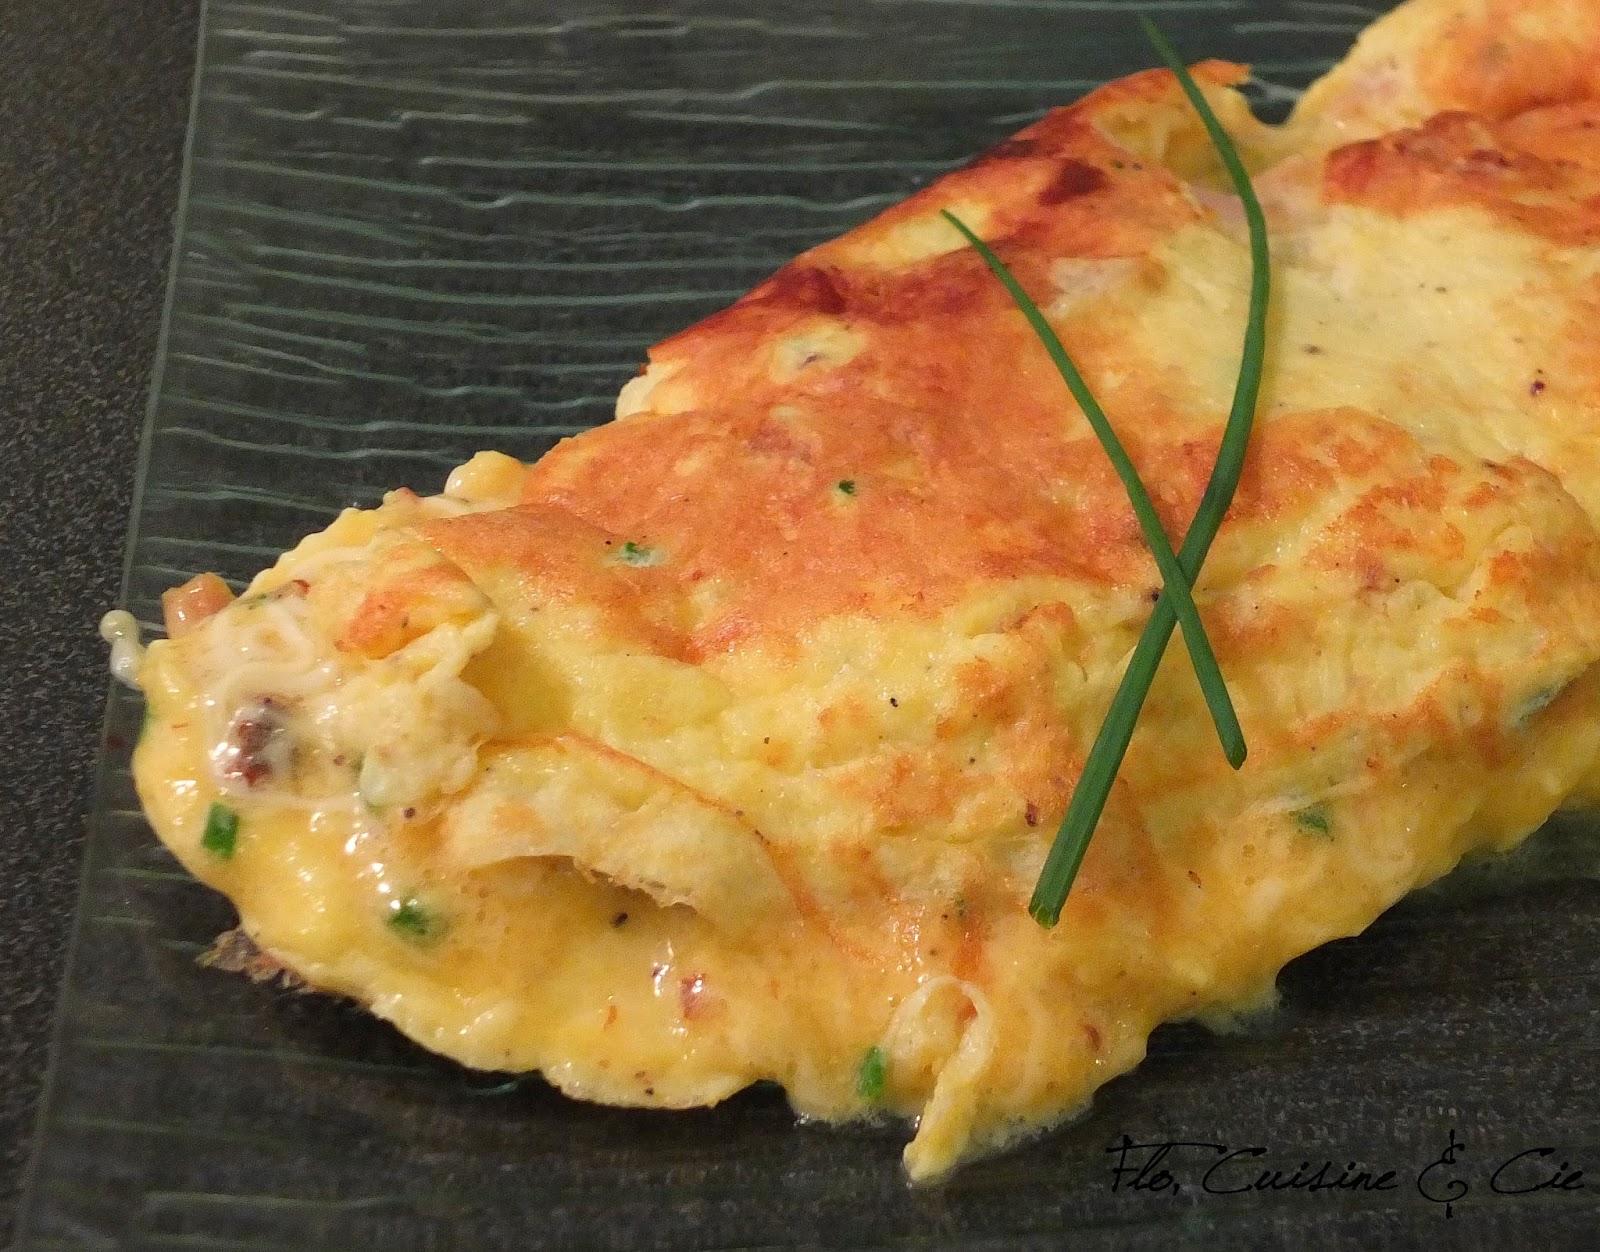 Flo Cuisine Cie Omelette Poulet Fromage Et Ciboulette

...

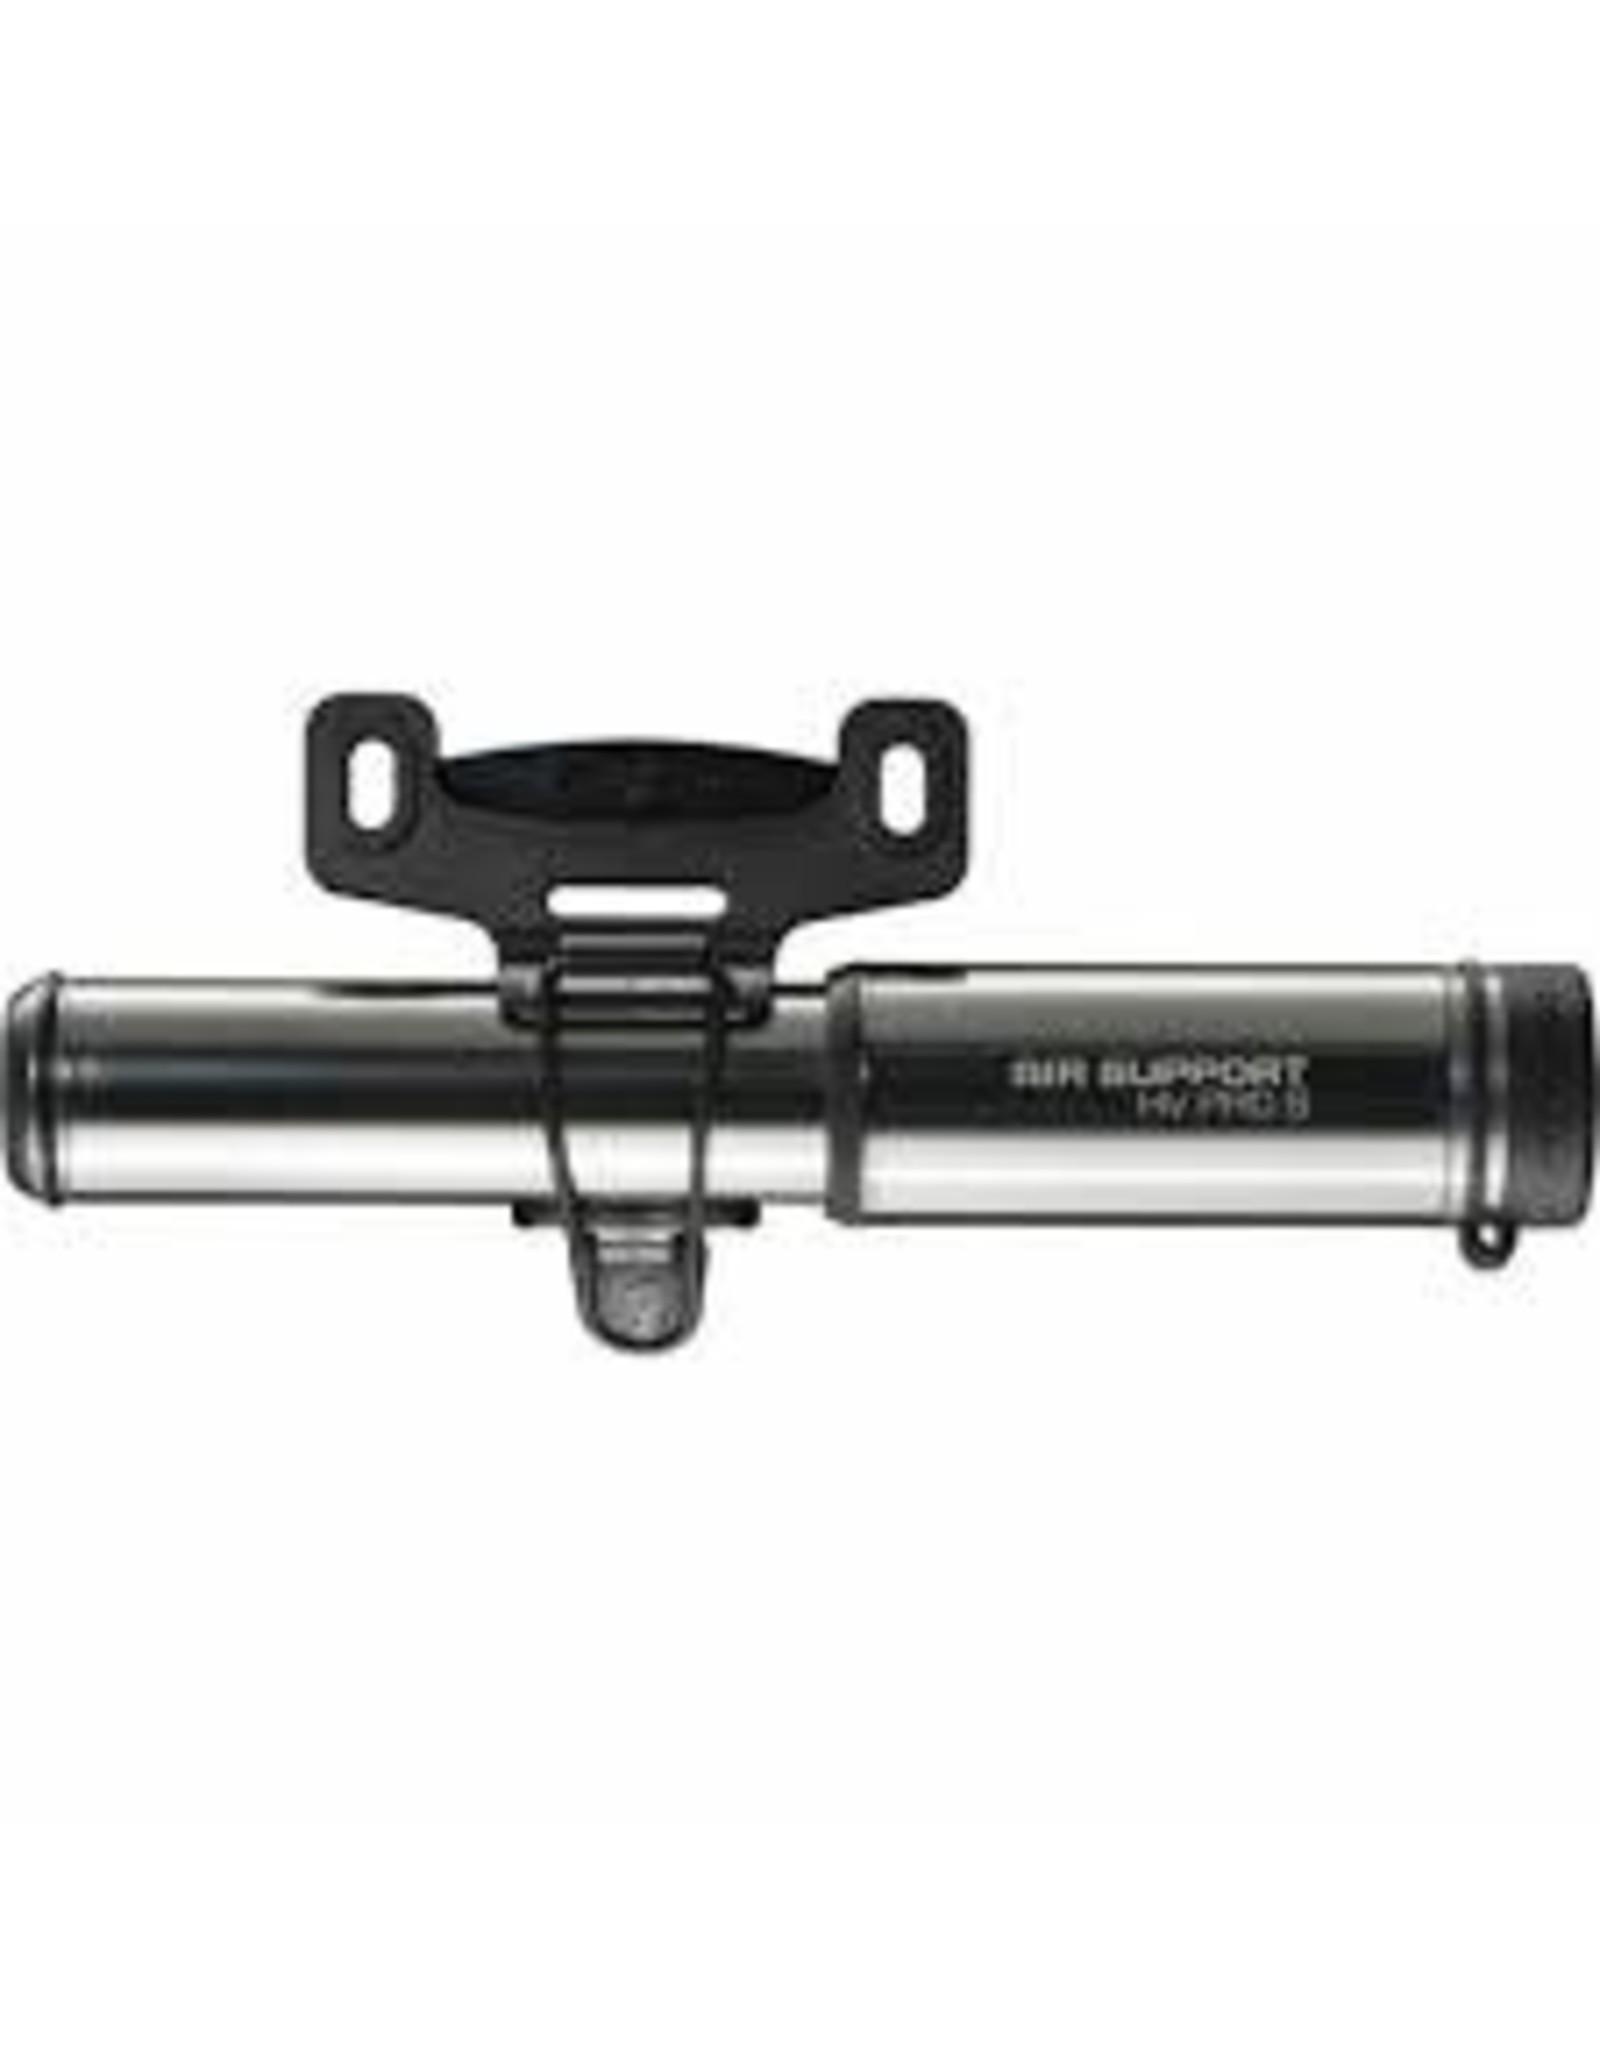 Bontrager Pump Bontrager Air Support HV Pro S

--

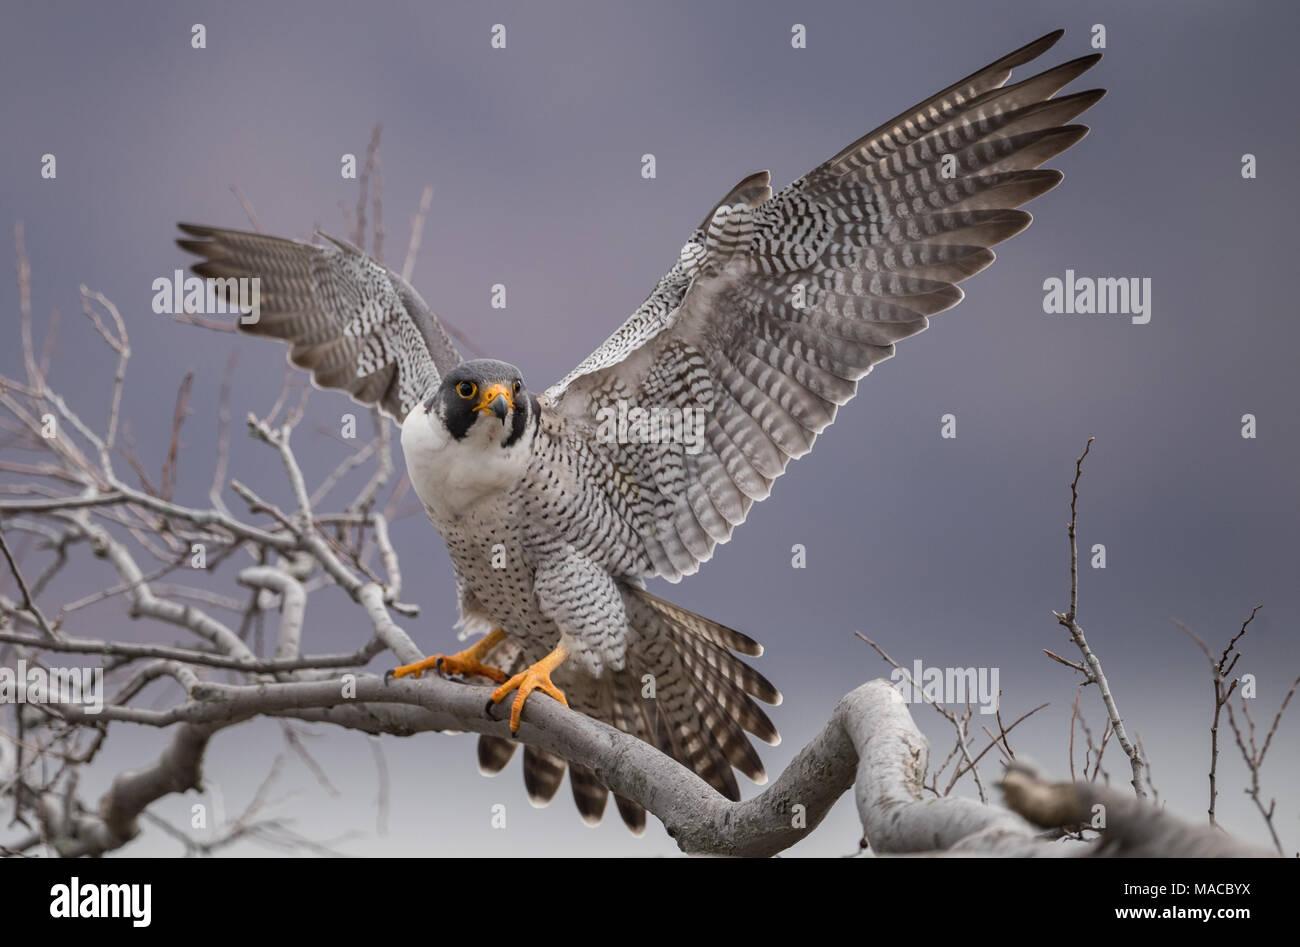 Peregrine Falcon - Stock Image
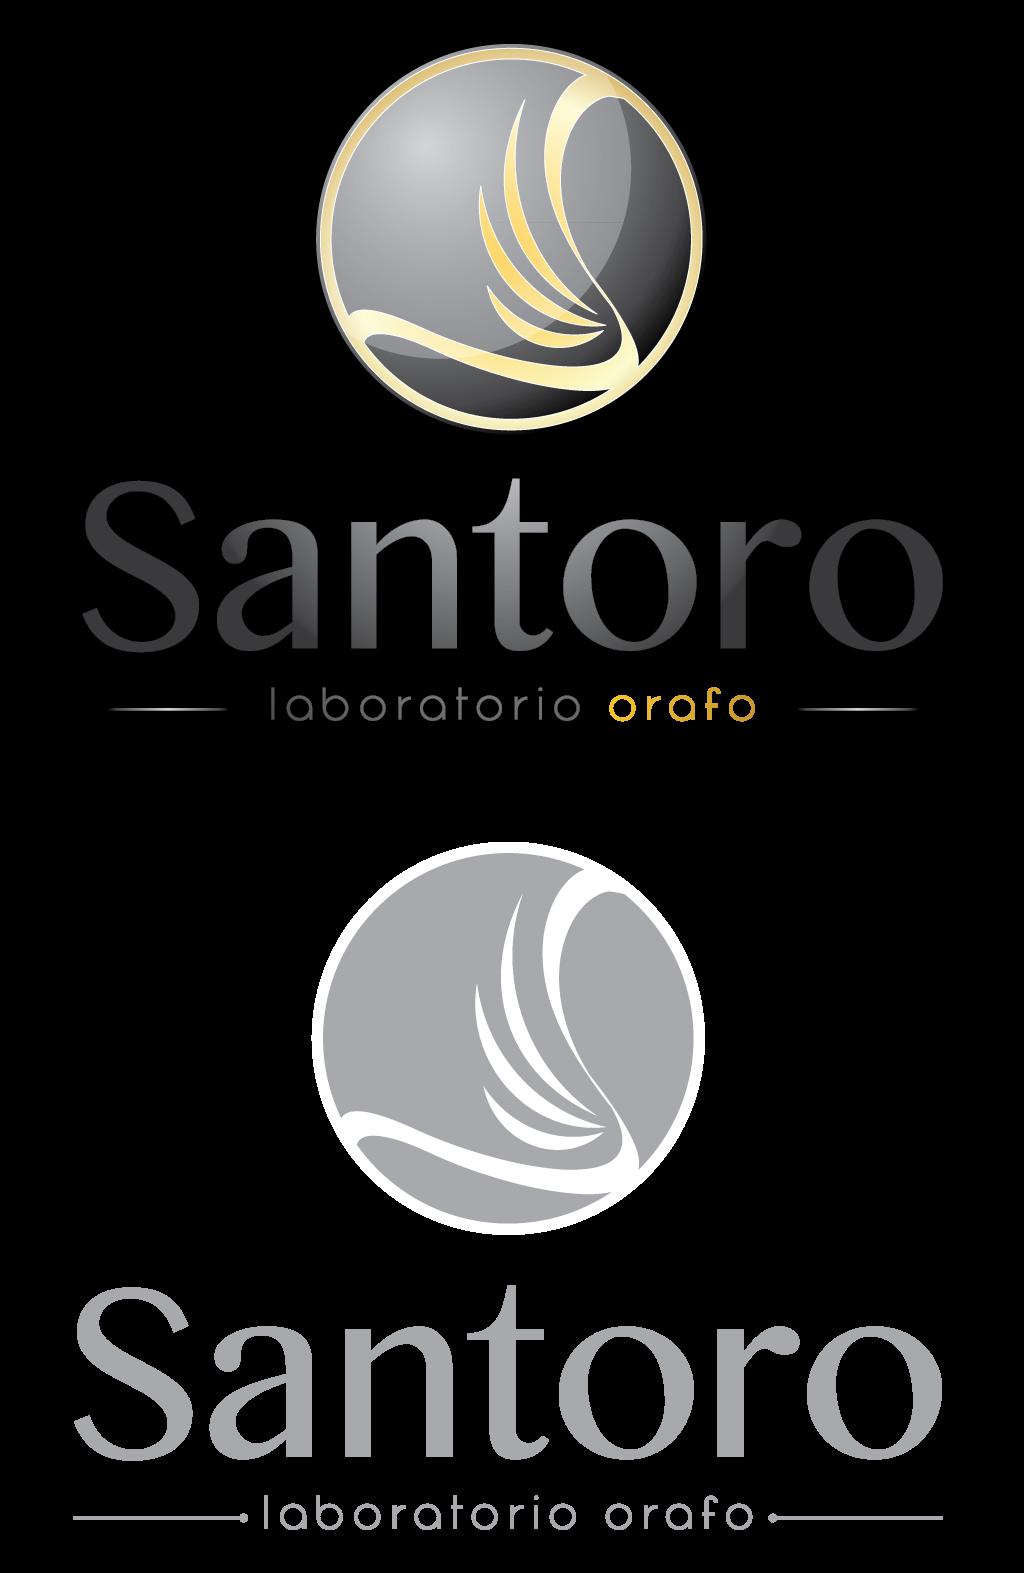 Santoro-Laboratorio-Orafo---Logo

◆ TASK DETAILS ◆
Because only one stretch of the records is wanted, please output the lines from the one holding "Peregrine Falcon - Stock Image" through the one holding "Santoro-Laboratorio-Orafo---Logo" exactly, both included, and leave every picture out.

◆ WRITTEN ANSWER ◆
 Peregrine Falcon - Stock Image
 Santoro-Laboratorio-Orafo---Logo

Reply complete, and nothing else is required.